Given data
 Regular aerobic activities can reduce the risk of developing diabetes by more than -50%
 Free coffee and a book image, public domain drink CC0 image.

==

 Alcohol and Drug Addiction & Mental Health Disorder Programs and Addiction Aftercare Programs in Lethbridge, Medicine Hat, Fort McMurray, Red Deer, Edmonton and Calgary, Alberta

==

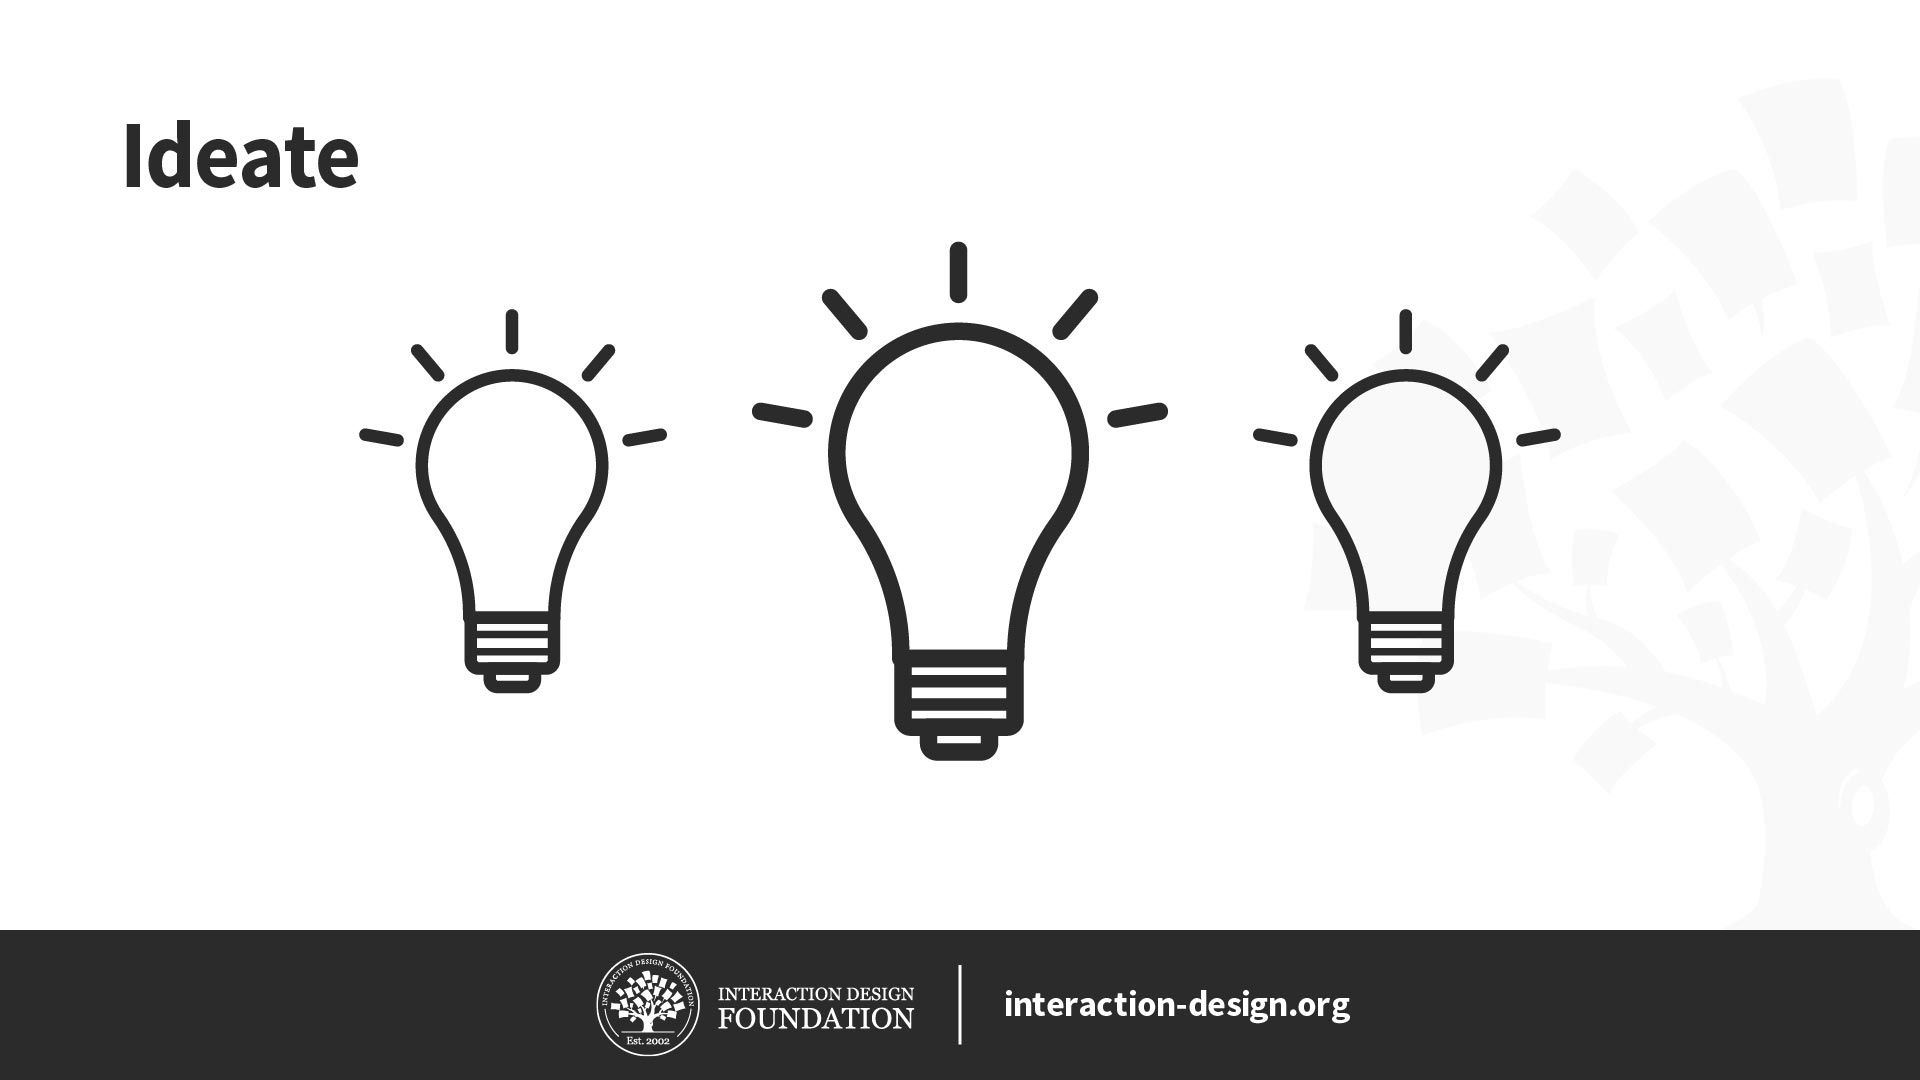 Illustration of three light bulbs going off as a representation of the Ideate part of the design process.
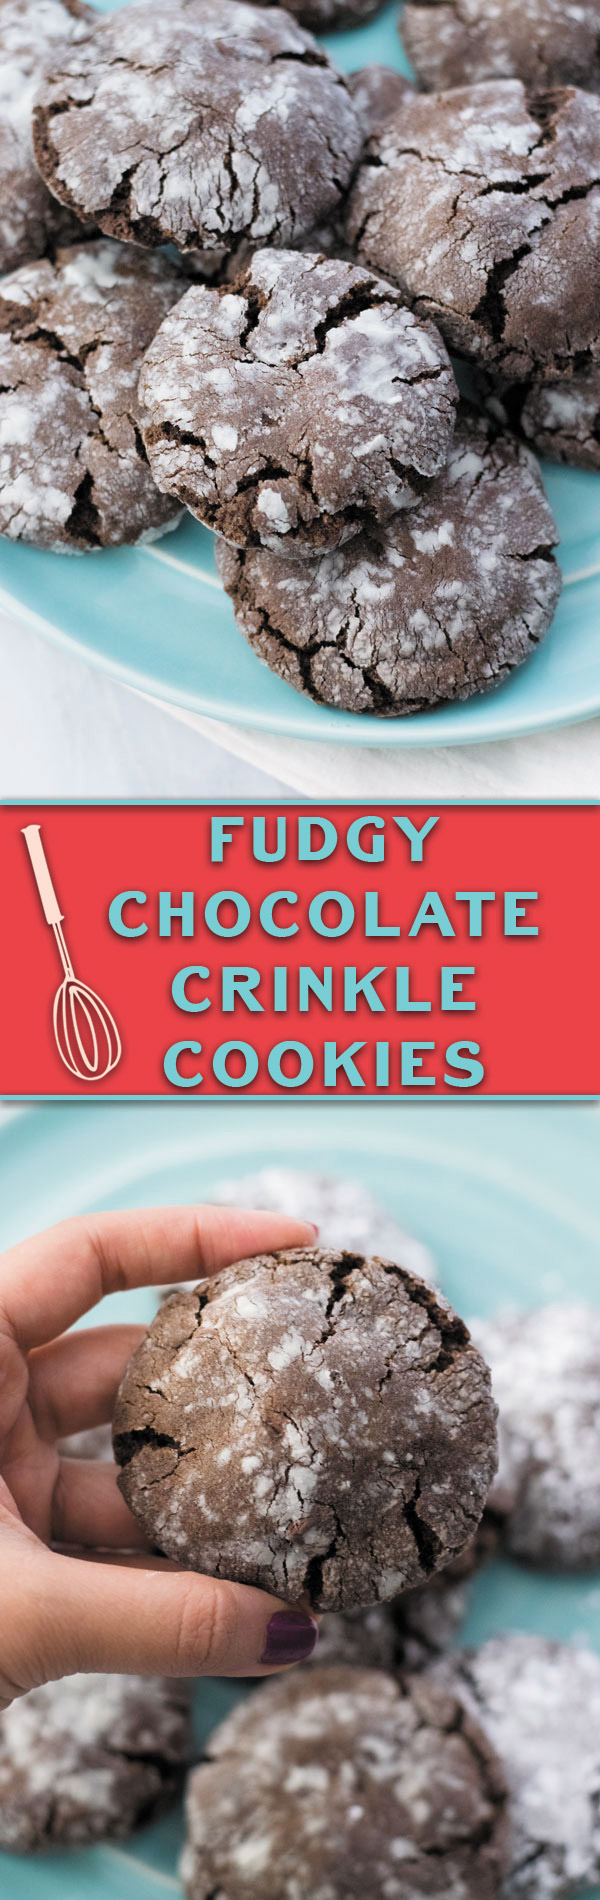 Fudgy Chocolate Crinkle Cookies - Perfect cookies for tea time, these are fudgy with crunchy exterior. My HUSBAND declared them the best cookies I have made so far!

Assigned task
Print an exact copy of the lines above, from the one containing "Illustration of three" through the one containing "Fudgy Chocolate Crinkle", and leave out the pictures.

Written response
 Illustration of three light bulbs going off as a representation of the Ideate part of the design process.
 Fudgy Chocolate Crinkle Cookies - Perfect cookies for tea time, these are fudgy with crunchy exterior. My HUSBAND declared them the best cookies I have made so far!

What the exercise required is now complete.